After President Trump’s tax overhaul victory, he promised that welfare reform would be the next item on his list of things to change.
Decades of welfare abuse, which was allowed by a broken and bloated “swamp” of a federal government, left taxpayers feeling bitter and jaded, and as Americans watched their money being given to those who chose not to work, a demand for welfare reform began.
In a powerful op-ed, Newt Gingrich highlights the urgent need for welfare reform, and explained why the “welfare state” in America is “unsustainable.”
The Trump economy is strong. The stock market is at record highs and the unemployment rate is at a 17-year low. This is thanks largely to the Trump Administration’s aggressive regulatory reforms and the passage of historic tax cuts. Business after business is celebrating the passage of Tax Cuts and Jobs Act by announcing new investments, bonuses, and pay raises.
But despite soaring business confidence and a strong economy, businesses are scrambling to find workers to fill 6 million open jobs. And now, their primary challenge is to get people who have been sitting on the sidelines back to work.
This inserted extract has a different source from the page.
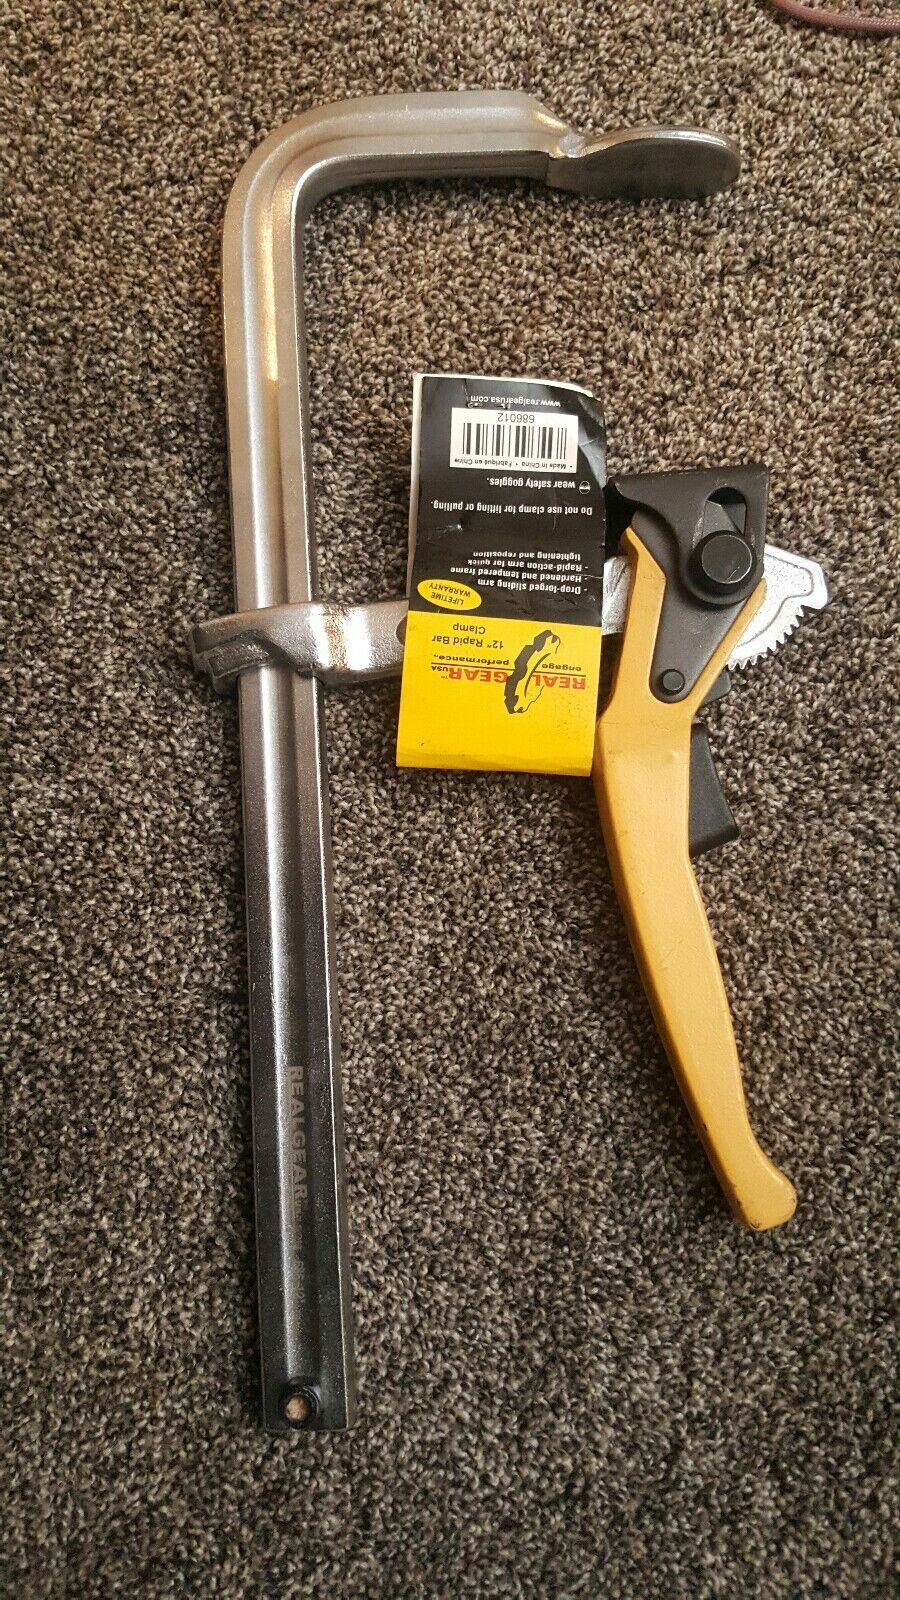 Real Gear 12  rapid bar clamp. Bx67

President Trump knows our broken welfare system is a major barrier to achieving this goal, and he has vowed to tackle welfare reform next. And it’s a good thing, because welfare definitely is, as the President put it, “out of control.”
In 2000, over 17 million Americans received food stamps, officially known as Supplemental Nutrition Assistance Program (SNAP) benefits. That number has swelled to more than 42 million today. As a result of Obama Administration’s policies, the number of Americans on food stamps is now greater than the population of Canada.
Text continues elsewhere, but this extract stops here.